**DESCRIPTION OF THE TASK:** When you reach the line containing "New barebones from" in the entries below, begin reproducing lines exactly, and stop once the line containing "womens tailored high" is done.

### DATA TO USE ###

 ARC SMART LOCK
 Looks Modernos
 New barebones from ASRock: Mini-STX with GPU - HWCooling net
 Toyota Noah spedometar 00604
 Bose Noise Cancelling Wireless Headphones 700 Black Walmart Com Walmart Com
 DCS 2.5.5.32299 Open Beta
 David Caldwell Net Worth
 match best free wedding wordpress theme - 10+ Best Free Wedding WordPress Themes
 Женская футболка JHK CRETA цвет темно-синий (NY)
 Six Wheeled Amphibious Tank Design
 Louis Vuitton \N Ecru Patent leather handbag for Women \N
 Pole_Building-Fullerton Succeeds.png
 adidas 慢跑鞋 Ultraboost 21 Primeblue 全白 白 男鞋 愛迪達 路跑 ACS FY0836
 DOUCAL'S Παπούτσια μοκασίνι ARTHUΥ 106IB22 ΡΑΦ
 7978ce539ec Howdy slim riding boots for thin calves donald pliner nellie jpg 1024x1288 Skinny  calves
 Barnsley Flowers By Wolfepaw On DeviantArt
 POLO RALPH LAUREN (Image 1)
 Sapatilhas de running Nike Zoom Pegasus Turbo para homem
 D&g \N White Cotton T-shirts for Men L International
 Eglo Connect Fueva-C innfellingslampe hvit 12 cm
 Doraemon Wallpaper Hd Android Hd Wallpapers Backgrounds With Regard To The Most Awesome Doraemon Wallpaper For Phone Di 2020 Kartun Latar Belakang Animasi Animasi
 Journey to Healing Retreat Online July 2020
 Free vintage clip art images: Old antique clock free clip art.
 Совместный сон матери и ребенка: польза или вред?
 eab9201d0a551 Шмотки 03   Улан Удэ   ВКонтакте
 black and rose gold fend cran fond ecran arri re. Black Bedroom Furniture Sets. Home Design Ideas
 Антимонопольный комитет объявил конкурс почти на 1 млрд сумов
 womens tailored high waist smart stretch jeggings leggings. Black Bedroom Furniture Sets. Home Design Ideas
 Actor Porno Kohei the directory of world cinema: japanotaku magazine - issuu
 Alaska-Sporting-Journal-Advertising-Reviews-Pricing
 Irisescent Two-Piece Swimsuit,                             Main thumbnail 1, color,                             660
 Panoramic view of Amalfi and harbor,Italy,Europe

###

**OUTPUT FOR THIS TASK:**
 New barebones from ASRock: Mini-STX with GPU - HWCooling net
 Toyota Noah spedometar 00604
 Bose Noise Cancelling Wireless Headphones 700 Black Walmart Com Walmart Com
 DCS 2.5.5.32299 Open Beta
 David Caldwell Net Worth
 match best free wedding wordpress theme - 10+ Best Free Wedding WordPress Themes
 Женская футболка JHK CRETA цвет темно-синий (NY)
 Six Wheeled Amphibious Tank Design
 Louis Vuitton \N Ecru Patent leather handbag for Women \N
 Pole_Building-Fullerton Succeeds.png
 adidas 慢跑鞋 Ultraboost 21 Primeblue 全白 白 男鞋 愛迪達 路跑 ACS FY0836
 DOUCAL'S Παπούτσια μοκασίνι ARTHUΥ 106IB22 ΡΑΦ
 7978ce539ec Howdy slim riding boots for thin calves donald pliner nellie jpg 1024x1288 Skinny  calves
 Barnsley Flowers By Wolfepaw On DeviantArt
 POLO RALPH LAUREN (Image 1)
 Sapatilhas de running Nike Zoom Pegasus Turbo para homem
 D&g \N White Cotton T-shirts for Men L International
 Eglo Connect Fueva-C innfellingslampe hvit 12 cm
 Doraemon Wallpaper Hd Android Hd Wallpapers Backgrounds With Regard To The Most Awesome Doraemon Wallpaper For Phone Di 2020 Kartun Latar Belakang Animasi Animasi
 Journey to Healing Retreat Online July 2020
 Free vintage clip art images: Old antique clock free clip art.
 Совместный сон матери и ребенка: польза или вред?
 eab9201d0a551 Шмотки 03   Улан Удэ   ВКонтакте
 black and rose gold fend cran fond ecran arri re. Black Bedroom Furniture Sets. Home Design Ideas
 Антимонопольный комитет объявил конкурс почти на 1 млрд сумов
 womens tailored high waist smart stretch jeggings leggings. Black Bedroom Furniture Sets. Home Design Ideas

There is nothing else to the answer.